Several hibernating species have been studied in non-hibernating conditions in models of ischemia in the laboratory. In general, hibernating species survive hypoxia and ischemia better than non-hibernating species [59]. This is related to ischemic metabolic responses mirroring those hibernating animals’ encounter upon entering hibernation as well as genetic differences conferring innate ischemia tolerance [60]. Interestingly, hibernating species demonstrate elevated levels of effectors of preconditioning including HIF1, inducible nitric oxide synthase (iNOS), PKCε, SUMOylation, and antioxidants such as supraoxide dismutase (SOD) and HO1 [61,62,63,64,65]. Hibernating animals also exhibit numerous physiological adaptations including the use of alternative fuels for cerebral metabolism (ketones), elevated antioxidants, reduced inflammatory responses, and enhanced oxygen delivery [66].

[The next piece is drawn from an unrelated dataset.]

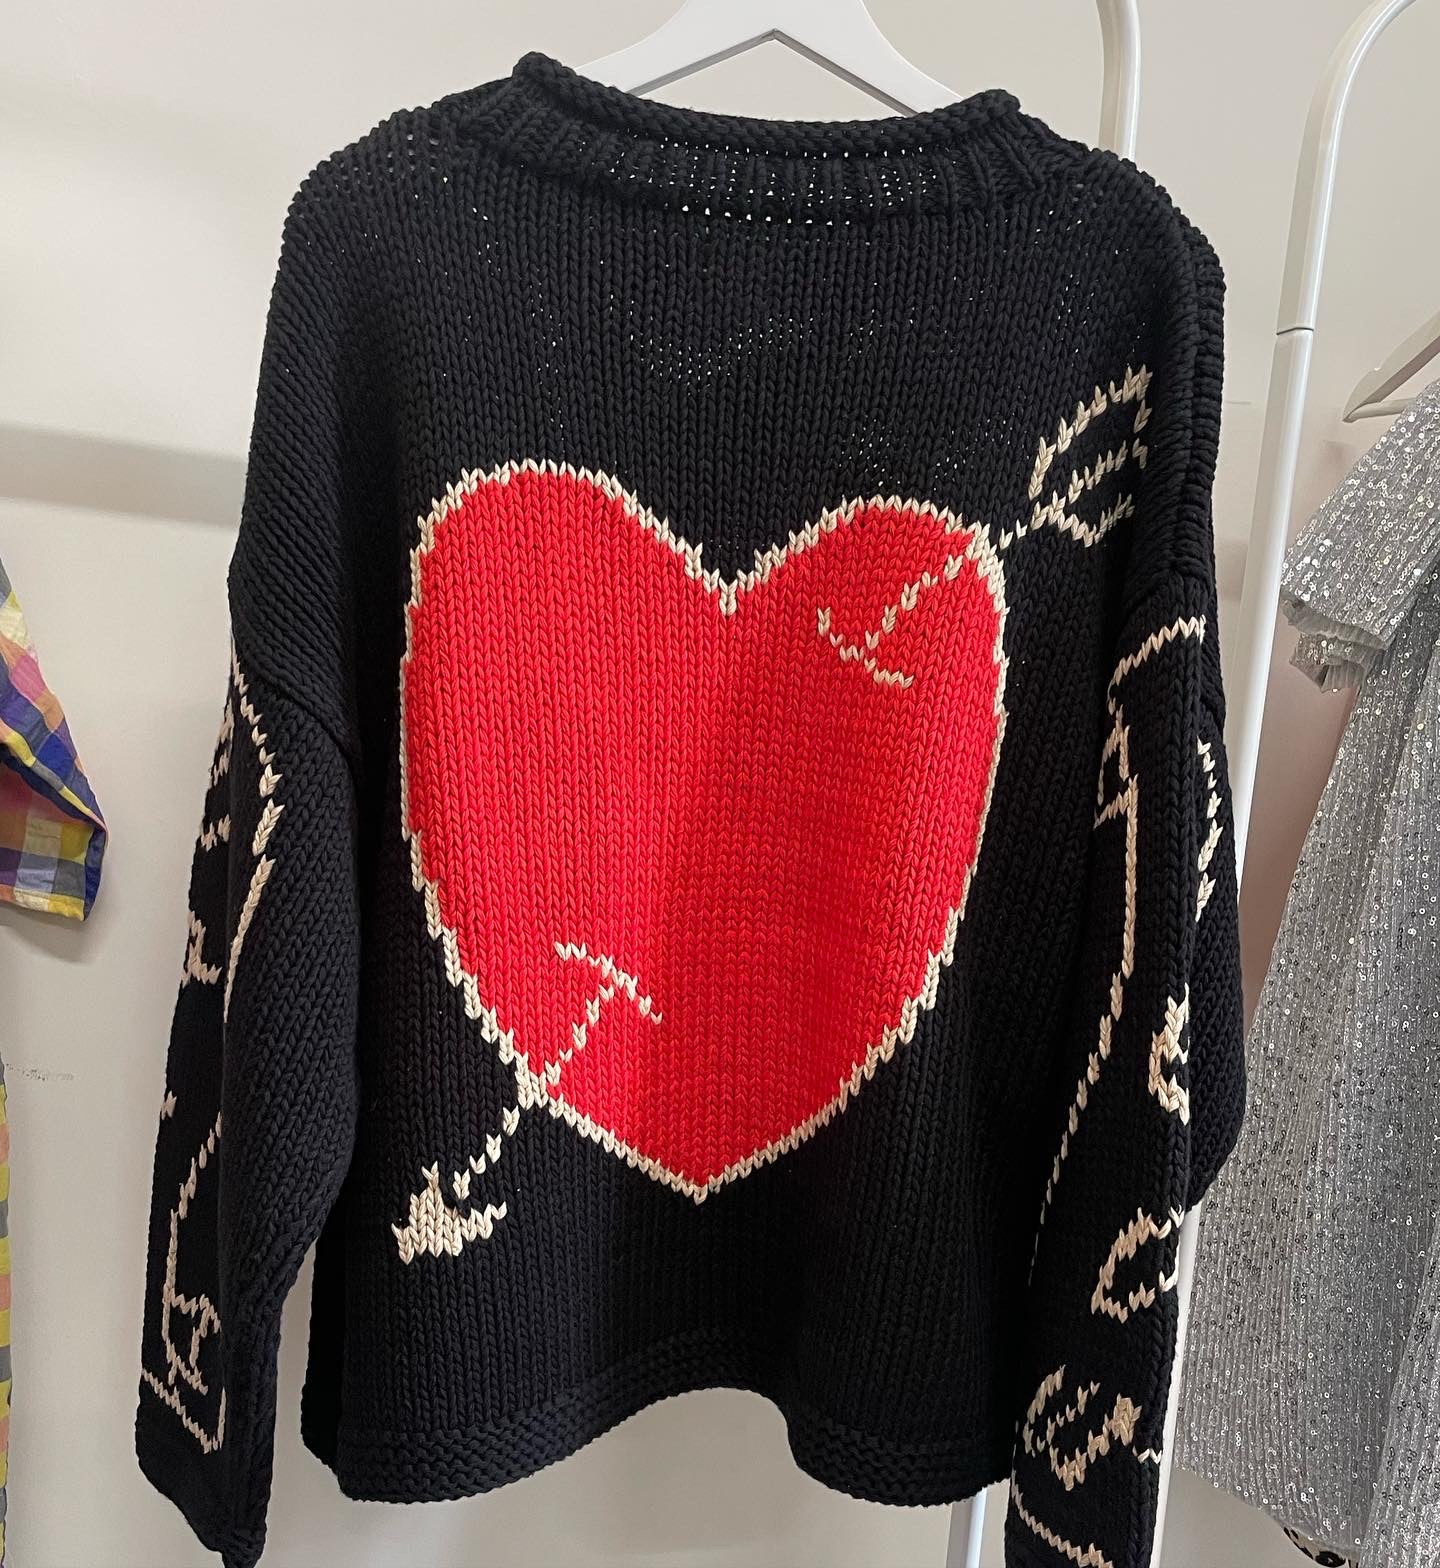 The Young Hearts Jumper - Black

Taken together, the research in this field demonstrates that hibernating species are robust examples of ischemic tolerance. This is underscored by endogenous cellular protection from the metabolic stress of ischemia, dramatic flexibility in synaptic structure and function, and physiologic changes in metabolism and immune responses. Modern genomic and metabolomic techniques are producing important insights into the molecular and physiological underpinnings of this resilience as well as how they could be applied to treating patients with brain injuries. The failure of TBI and stroke neuroprotection trials focusing on single agents suggests that new approaches mimicking the coordinated cellular and physiological responses of resilient species may lead to improved outcomes.

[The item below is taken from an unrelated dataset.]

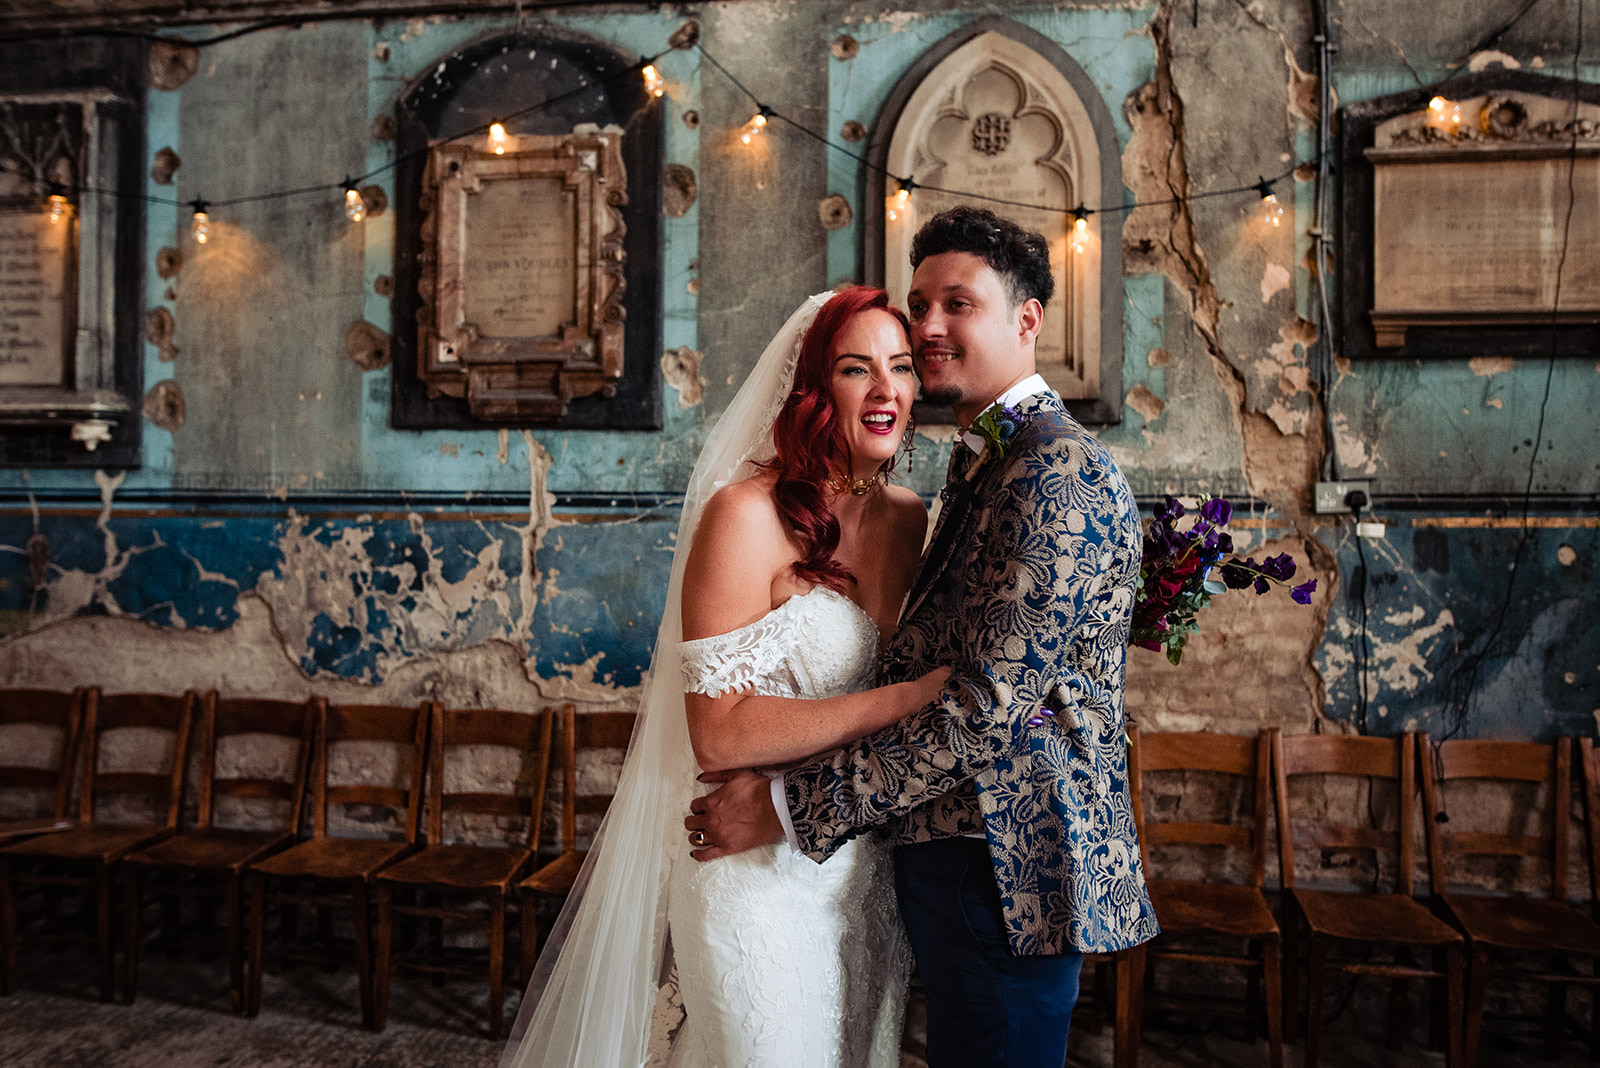 lovely portrait of the wedding couple at the Asylum Chapel in Peckham

The Resilience Within—Age and Genetic Variation Influence Recovery from Brain Injury
Clinicians are familiar with the sometimes marked improvements young patients can make following devastating brain injuries. This is in stark contrast to the often-limited recovery observed in older patients. This anecdotal experience is backed up by epidemiological evidence, as the greatest improvements in early functional recovery are age-related, with patients in early adolescence making the best functional gains [67]. Preclinical studies in rodents and pigs demonstrate greater lesions in aged animals after controlled cortical impact (CCI; [68, 69]). Numerous studies suggest that the pro-survival and recovery phenotype of young animals is due to improved mitochondrial metabolism, decreased oxidative stress, enhanced BBB and neurovascular integrity following injury, and a faster resolution of post-injury inflammation [70,71,72,73,74,75,76]. Recovery from stroke in young animals appears to be particularly accelerated due to decreased microglial activation and systemic inflammation [77]. Interestingly, Ritzel and colleagues performed transplants of young bone marrow in older mice and vice versa. They found that bone marrow rejuvenation reduces the severity of acute behavioral deficits after stroke, while bone marrow senescence increases neutrophilic infiltration of infarcts. They also examined human post-mortem stroke tissues and found that age correlated with neutrophil counts, matrix metallopeptidase (MMP)-9 expression, and the presence of microhemorrhages [78].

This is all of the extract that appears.